Something wasn't sitting quite right with Ahsoka, but it didn't come to her until she had finished smoothing her napkin across her lap. If her instincts were correct, why had Lock struggled to remember how he knew her? She was the Imperial princess, so shouldn't their connection have been self-explanatory? To make matters more confusing, Ahsoka's history tutor had told her of Kessel's long-standing alignment with the Empire. This meant that, as the previous emperor's daughter, Ahsoka would have interacted with Yaruba and his majordomo long before her brother's ascension—probably since she was a little girl. In that case, Lock's expression couldn't have been one of hesitant familiarity, not if they had known each other for so long.

Maybe her brother was right after all. Maybe, now that she was almost grown up, the majordomo had found himself newly attracted to her. A flush of shame burned beneath Ahsoka's cheeks. Why had she believed it acceptable to question her brother in the first place?

Ahsoka tentatively tugged her gaze from her lap. Somehow, Anakin would blaze past her defences and seize on her egregiously disloyal moment of doubt, so easily and assuredly that it could have been scrawled across her forehead. To her relief, though, she found him watching not her, but Empress Padmé. The empress had retrieved her fork from where it had fallen against her plate, and Ahsoka couldn't help but notice that her hand was trembling.

Empress Padmé levelled the fork with narrowed, dark eyes, as if she could still its teetering motion by sheer force of willpower. "Our marriage," she muttered to the table, almost darkly, "was a choice that we made together, Anakin. Not something we were forced into."

"'Forced into'? Come on, Padmé. This'll make her happy. Right, Ahsoka?"

Ahsoka nodded, but it wasn't as if there were any other option, and anyway, she didn't want to think about this right now. She focused instead on how her lips had started to tingle because of the gloss the handmaiden had applied to them. Harmless thought. Good. Harmless thoughts were good. Good, good, good—everything was good—until she glanced up and accidentally met the empress's eyes. Dark and intense, those eyes, burning with a truth that Ahsoka couldn't bring herself to confront. She shook her head sharply and wrenched away her gaze.

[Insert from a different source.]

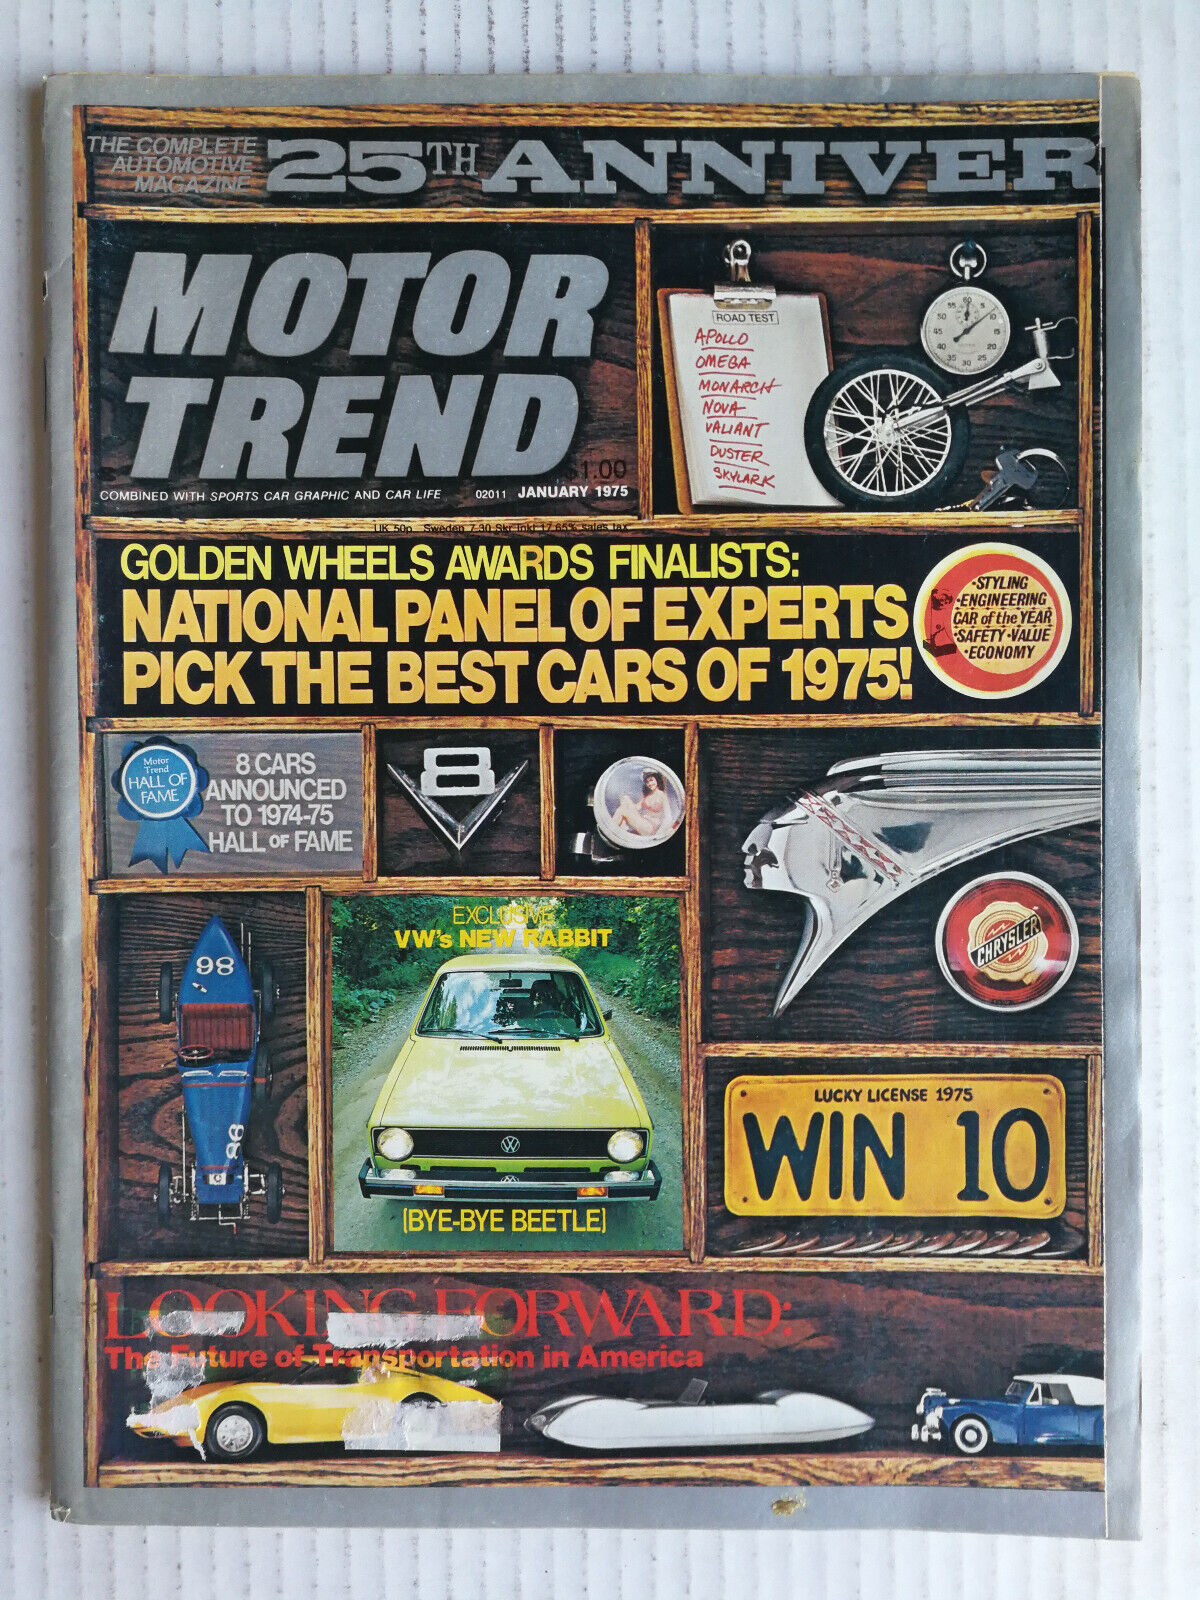 Motor Trend Magazine 1975 - The Complete Year - All 12 Issues

Anakin stood and strode toward the doors, his cape sweeping out behind him. Empress Padmé sprang to her feet as well. He still didn't turn around. "Anakin, where are you going?"

"There are more important tasks awaiting my attention," he replied curtly. Then he left. Ahsoka watched as her brother's form disappeared down the hallway, a cylindrical object bouncing comfortably against his hip. Not for the first time, she wondered what it might be.

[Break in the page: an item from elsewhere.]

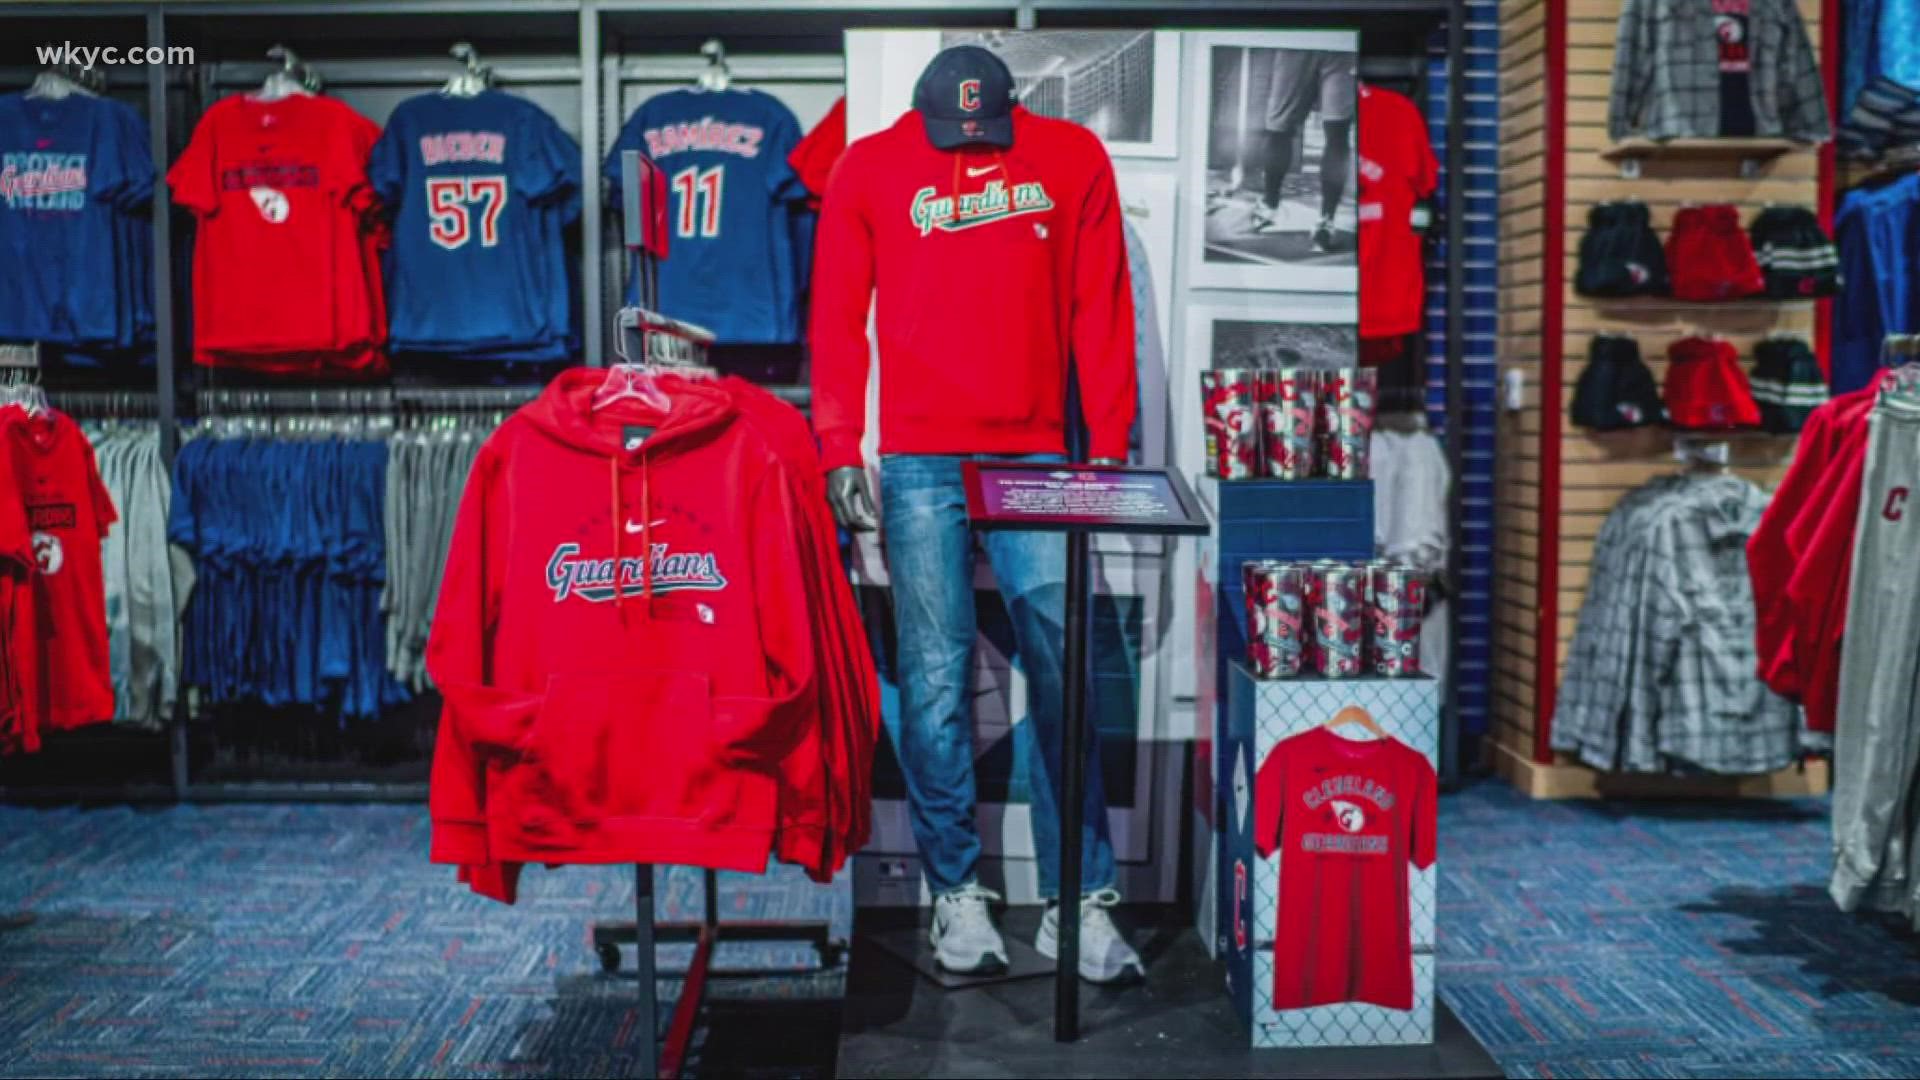 The Cleveland Guardians gave a glimpse of some of the new gear that will be available when the team store opens on Friday.

Ahsoka had inquired about that cylindrical object before.

Anakin had told her not to ask too many questions.


Update May 1, 2020: I have been editing a few of the earlier chapters with a more polished writing style and new backstory, some of which draws on the new season of TCW. There is no need to re-read earlier chapters if you are not interested, but since I am currently working on the story's final arc, I wanted to ensure that the entire story is at its best before it comes to its close. However, like I said earlier, I have not made any significant changes to previously established plot points; I am only adding backstory that emphasizes the overall themes of the story and deepens the lore.